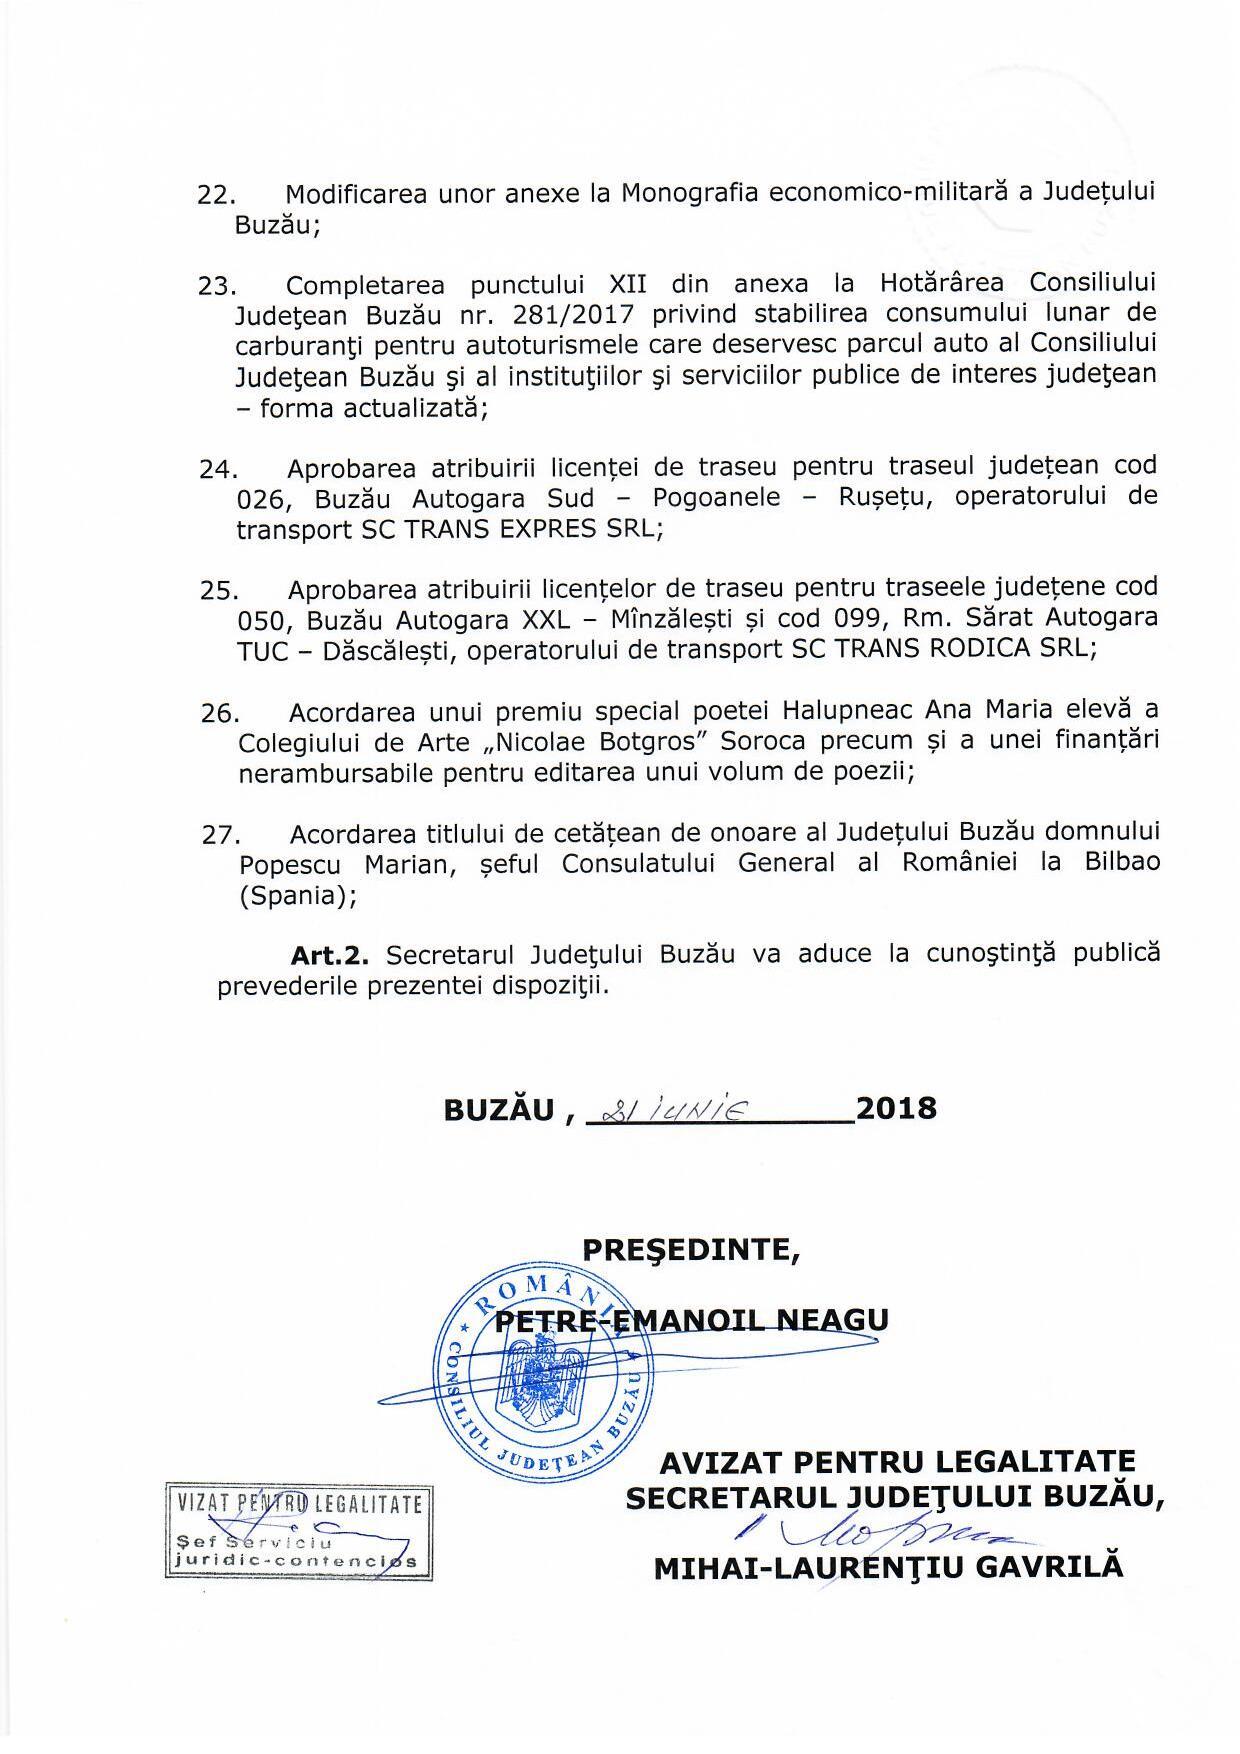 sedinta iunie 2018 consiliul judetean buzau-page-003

* * *

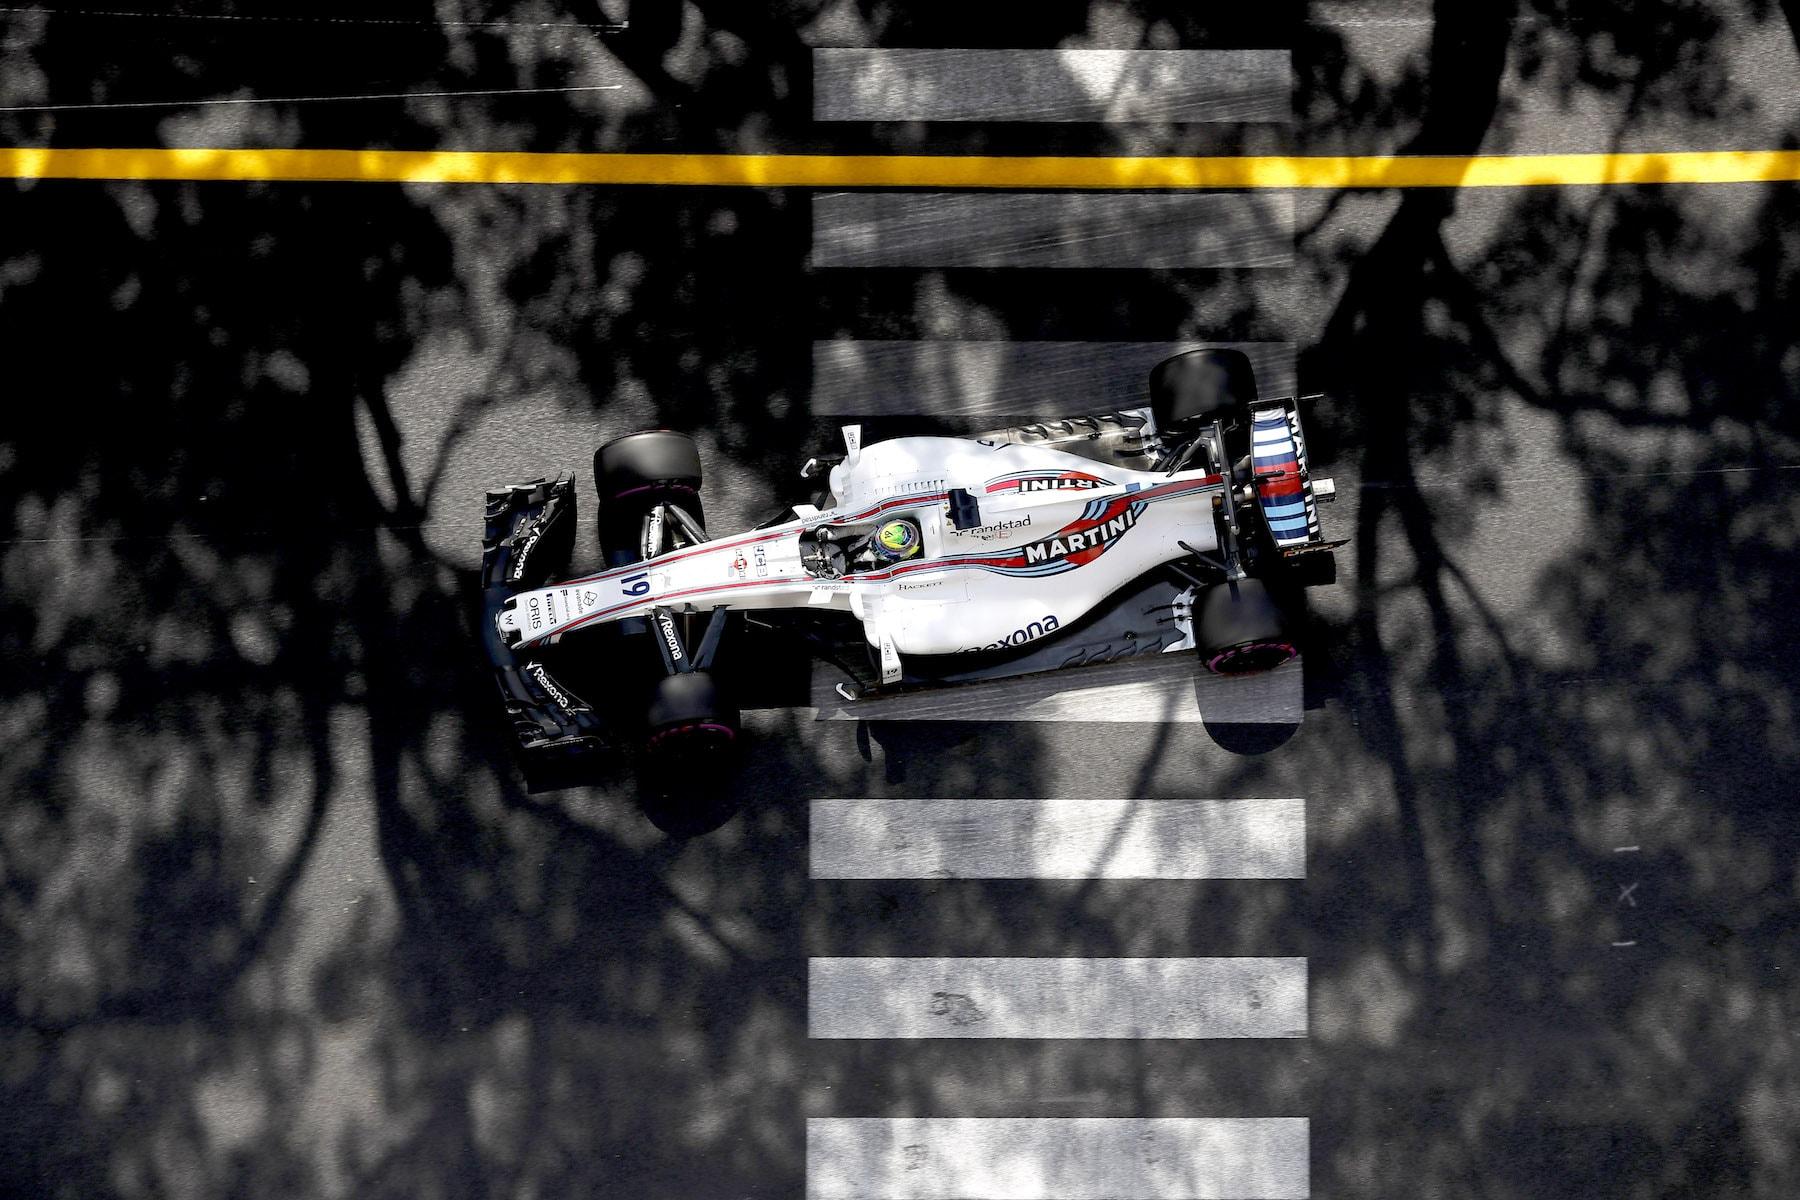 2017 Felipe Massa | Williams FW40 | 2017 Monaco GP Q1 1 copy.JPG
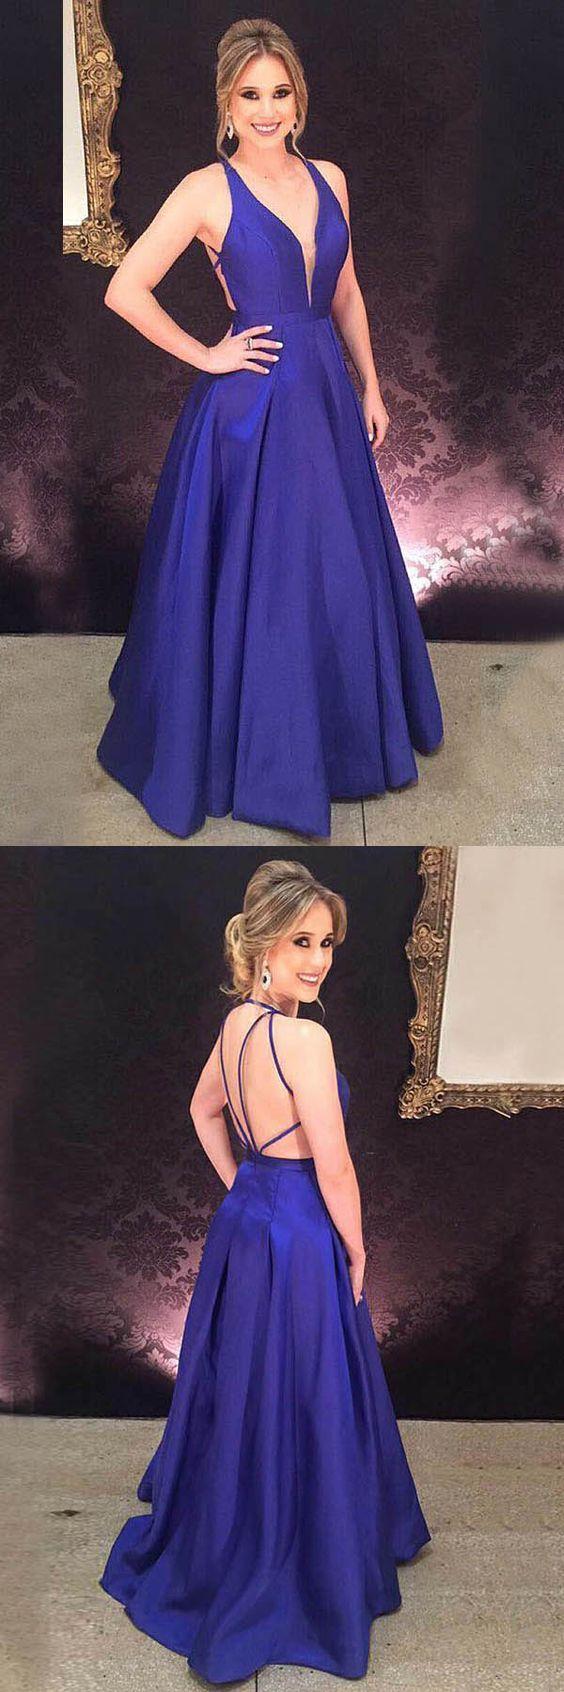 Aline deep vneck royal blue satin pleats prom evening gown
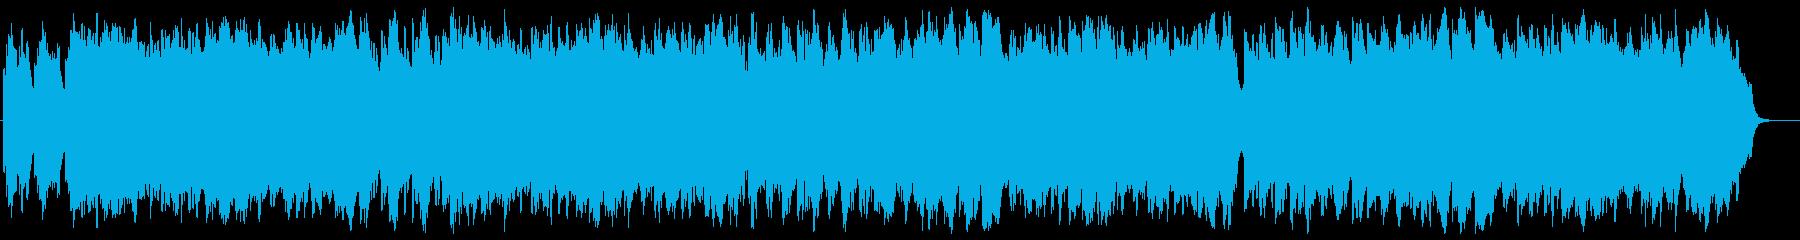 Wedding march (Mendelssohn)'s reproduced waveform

* * *

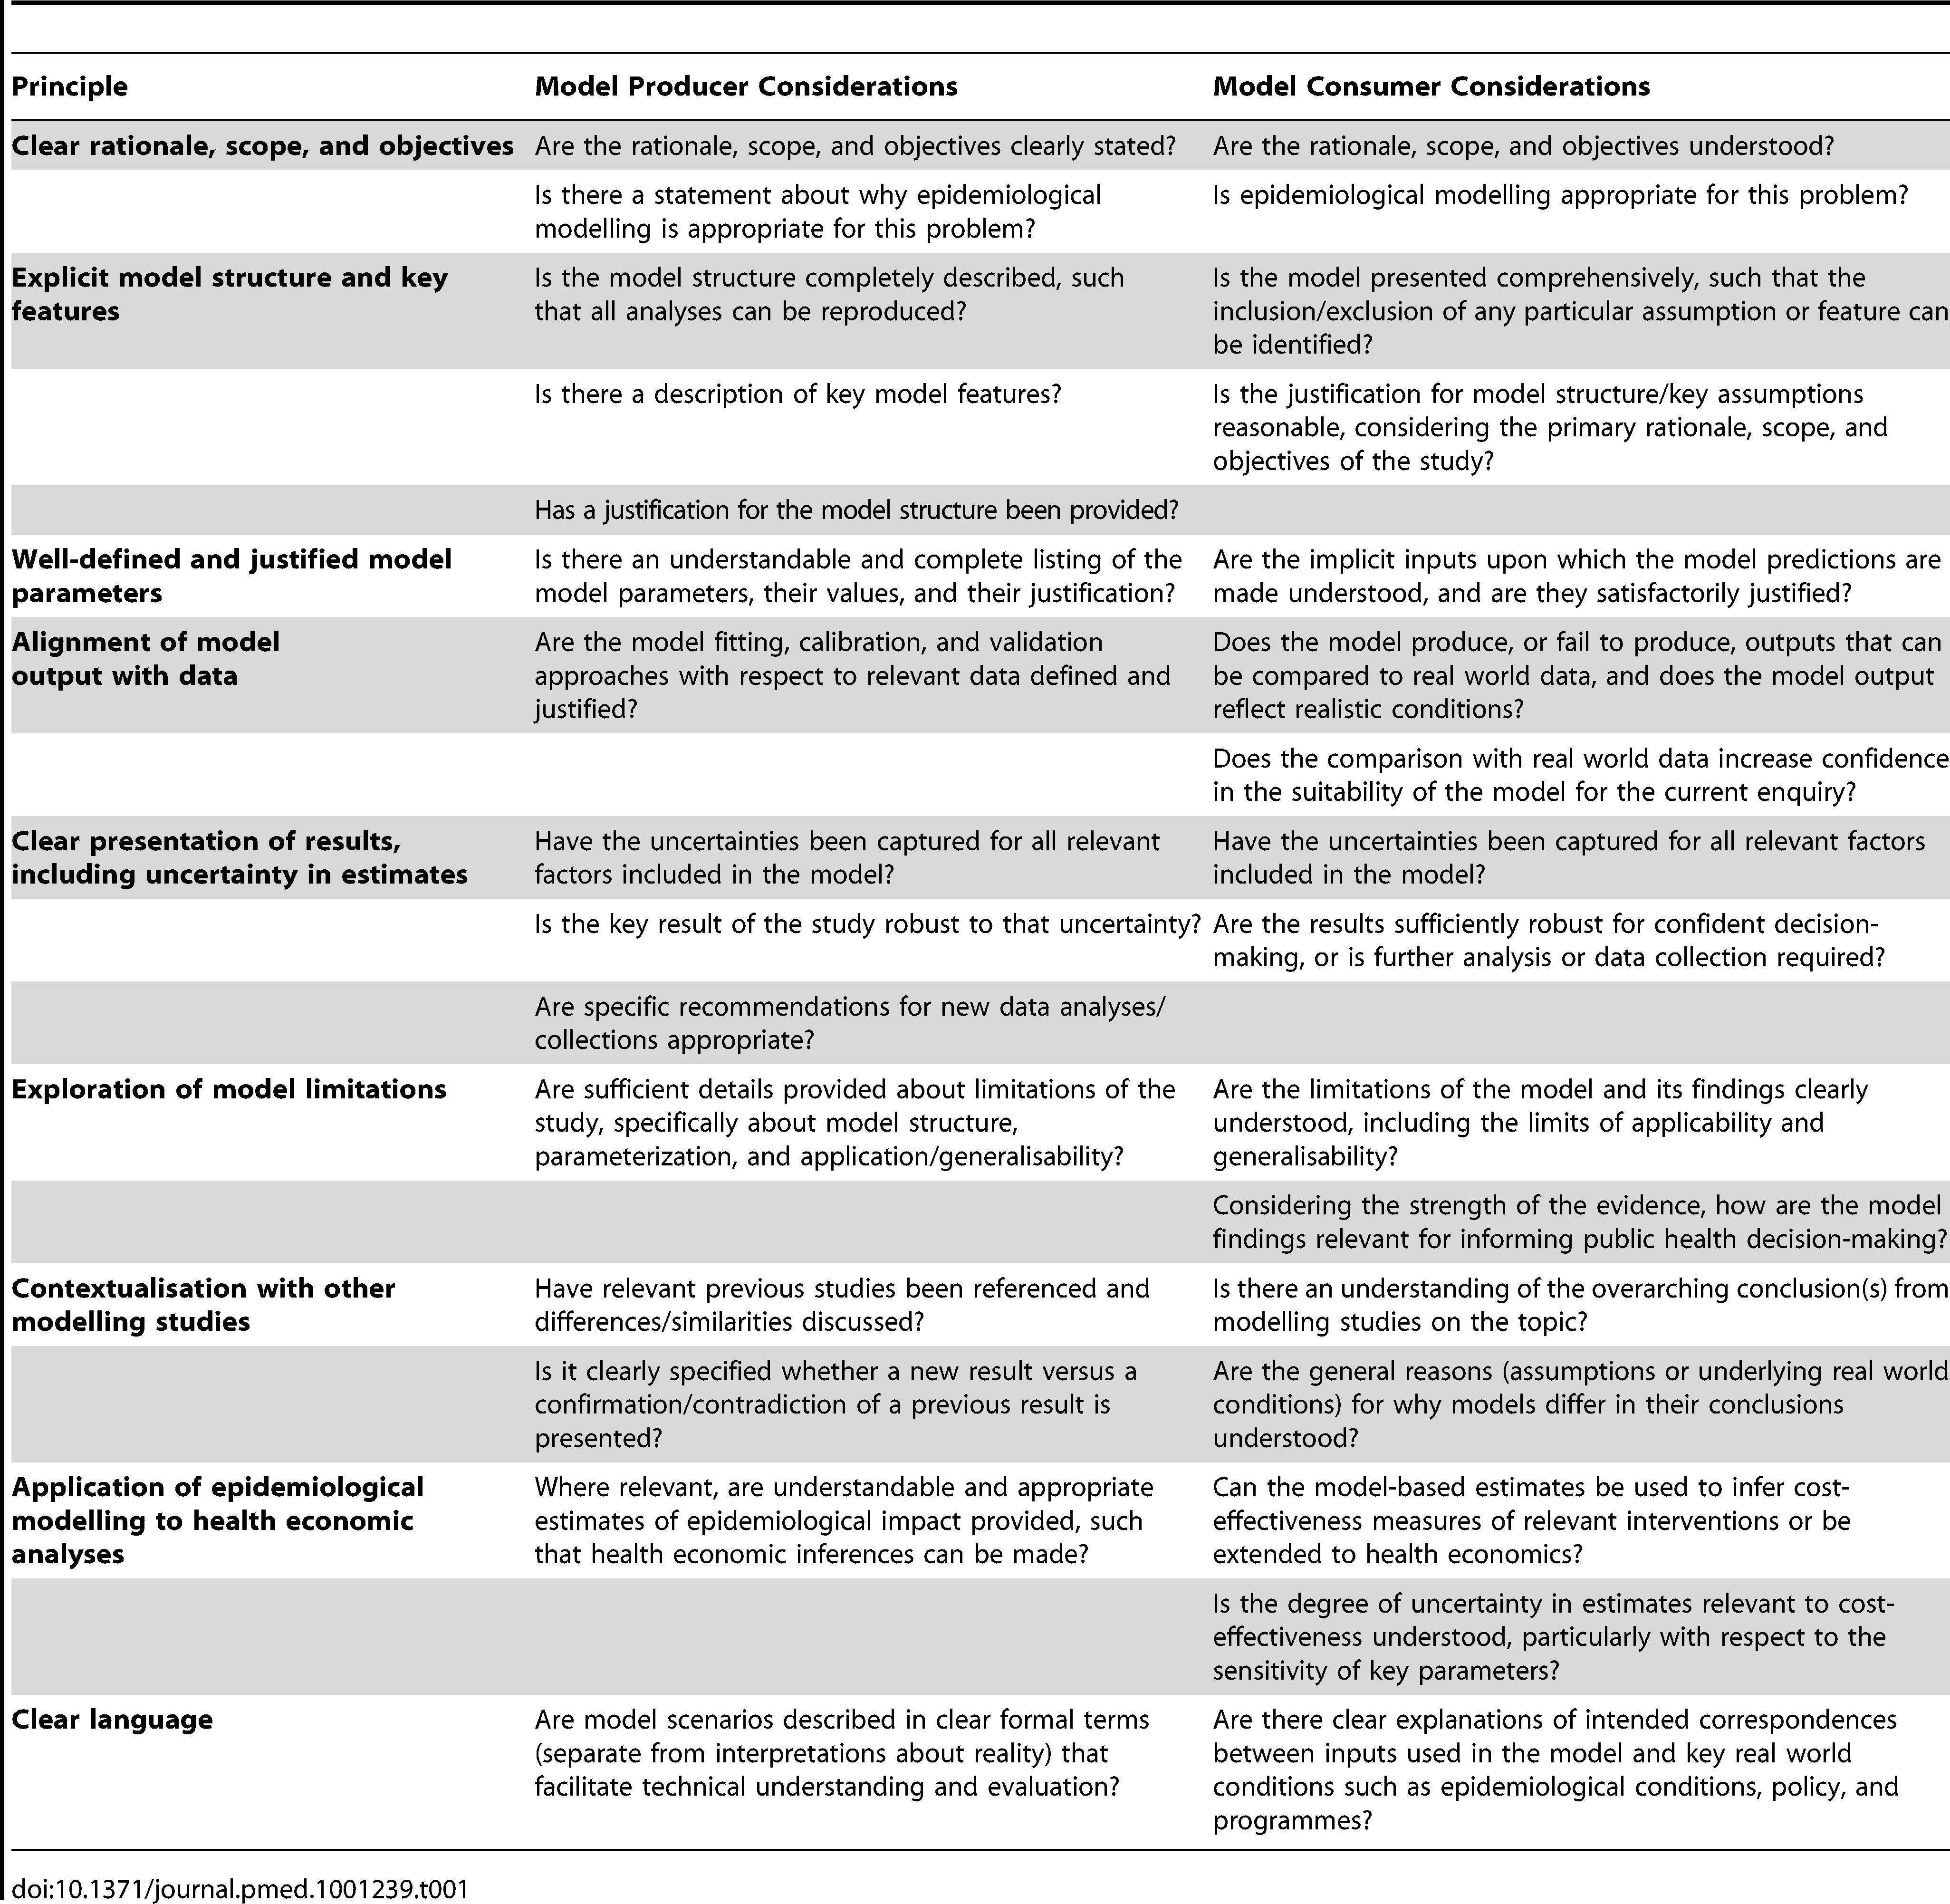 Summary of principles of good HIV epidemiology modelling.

> _Directions for this task_:
All that should be printed is the run of lines above from the one with "2017 Felipe Massa" through the one with "Wedding march (Mendelssohn)'s", both included, exactly as given, with pictures left out.

> _Task solution_:
 2017 Felipe Massa | Williams FW40 | 2017 Monaco GP Q1 1 copy.JPG
 Aline deep vneck royal blue satin pleats prom evening gown
 Wedding march (Mendelssohn)'s reproduced waveform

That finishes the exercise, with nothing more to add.